> [What the task asks]
Transcribe the whole listing exactly, but do not carry over its pictures.

> [Exercise data]
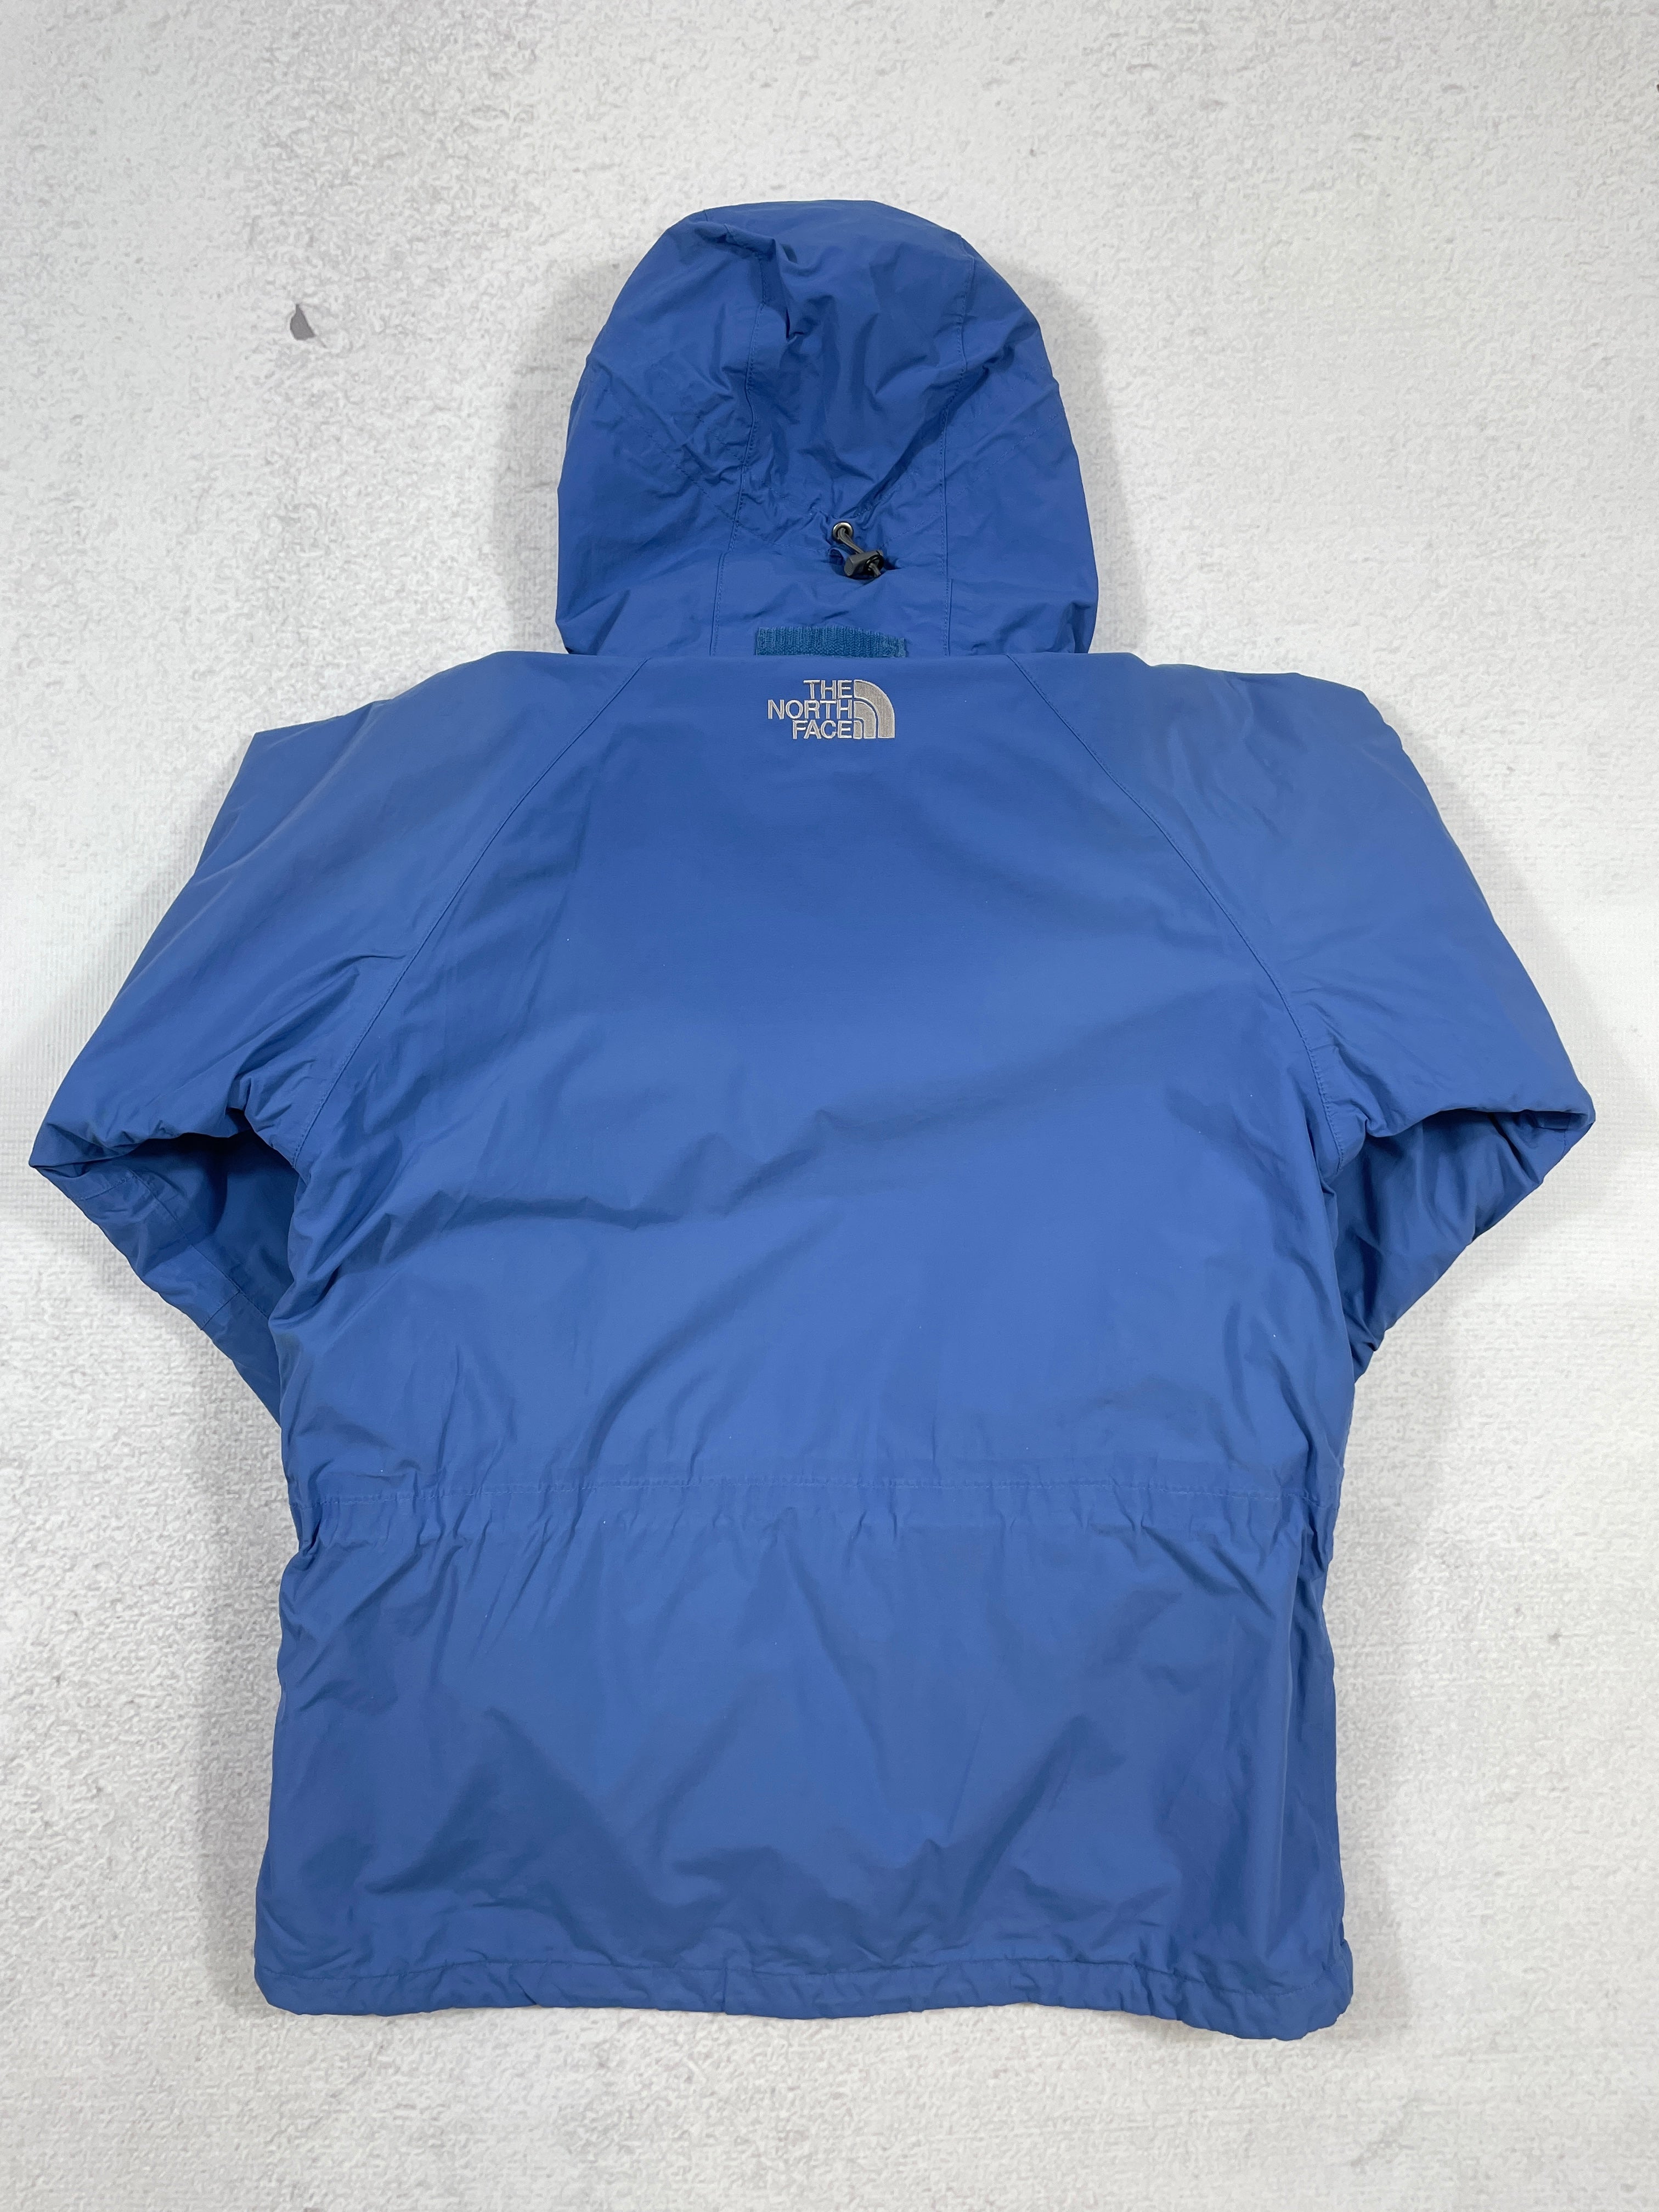 Vintage The North Face HyVent Insulated Jacket - Women's Medium
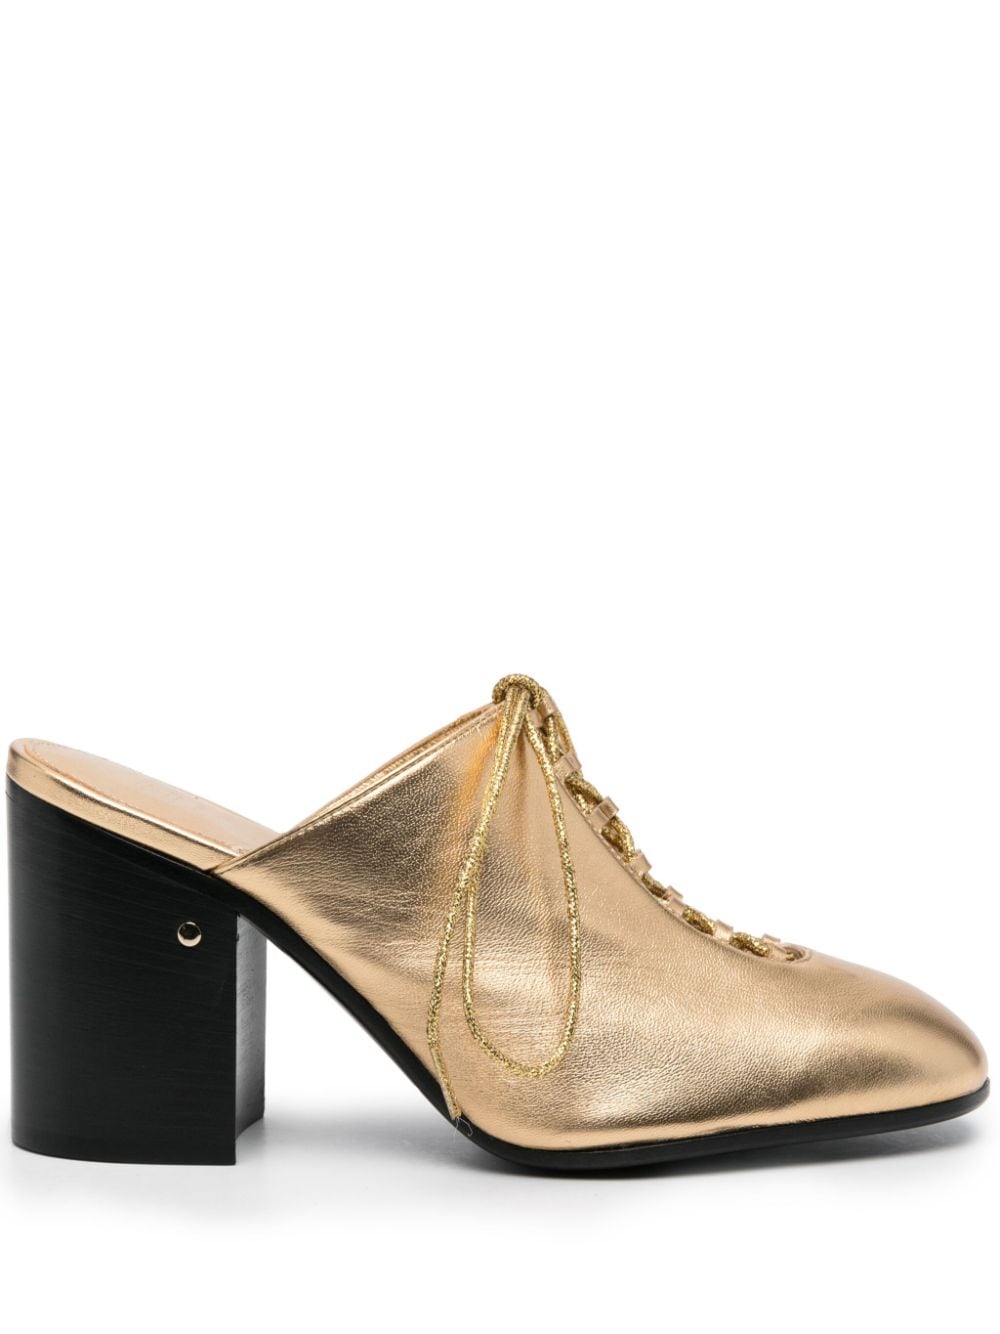 Laurence Dacade Jaimie 85mm leather mules - Gold von Laurence Dacade
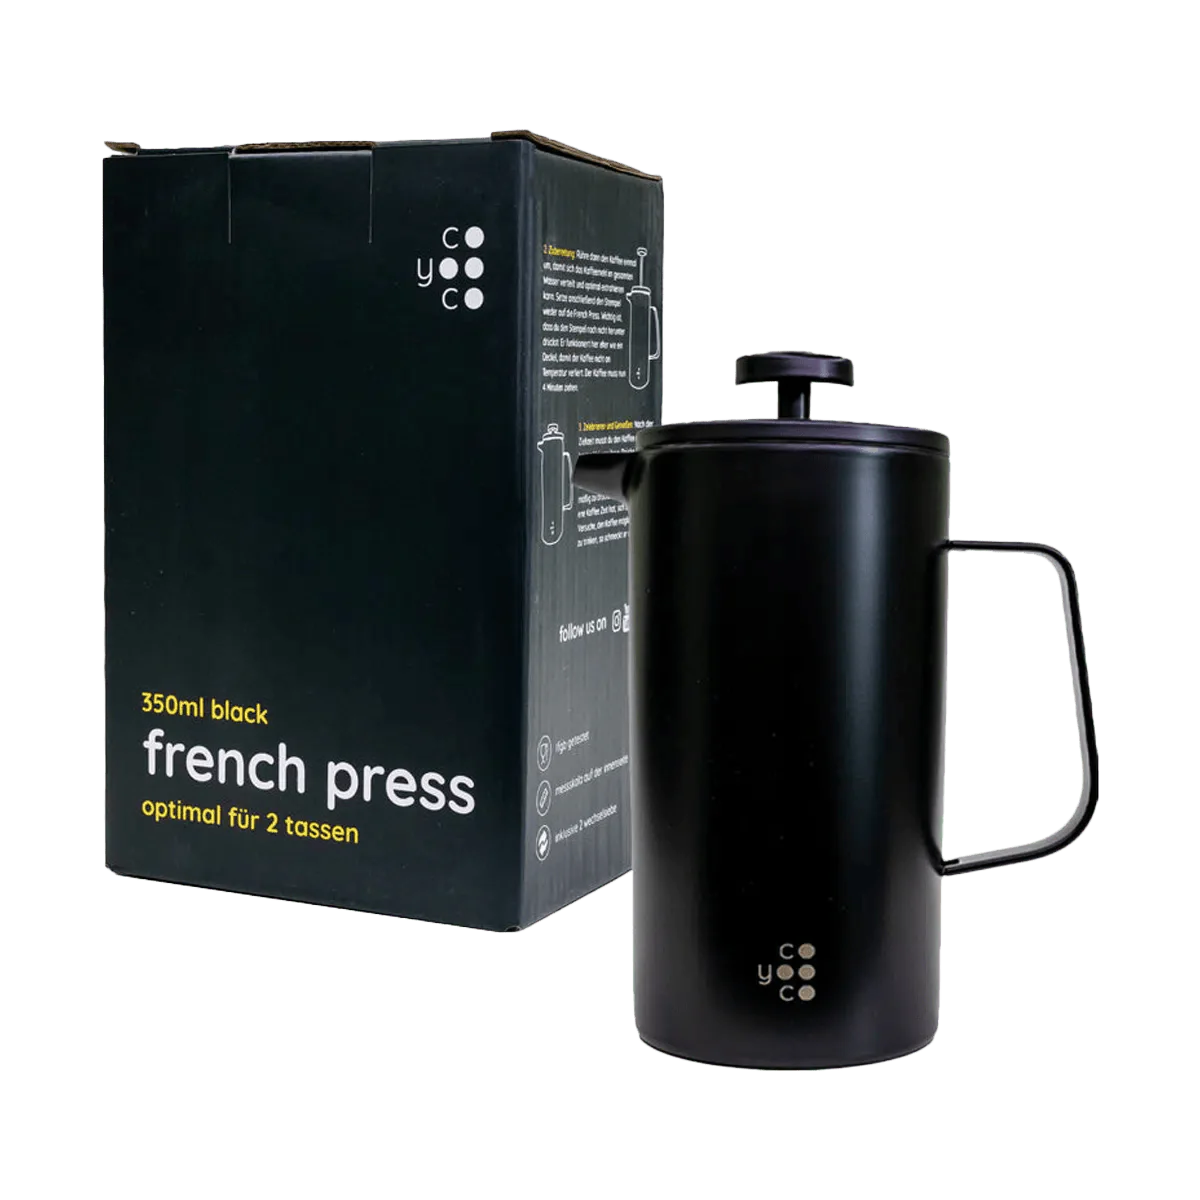 Coyooco French Press - 60beans

> [Answer section]
 Vintage The North Face HyVent Insulated Jacket - Women's Medium
 Laurence Dacade Jaimie 85mm leather mules - Gold von Laurence Dacade
 Coyooco French Press - 60beans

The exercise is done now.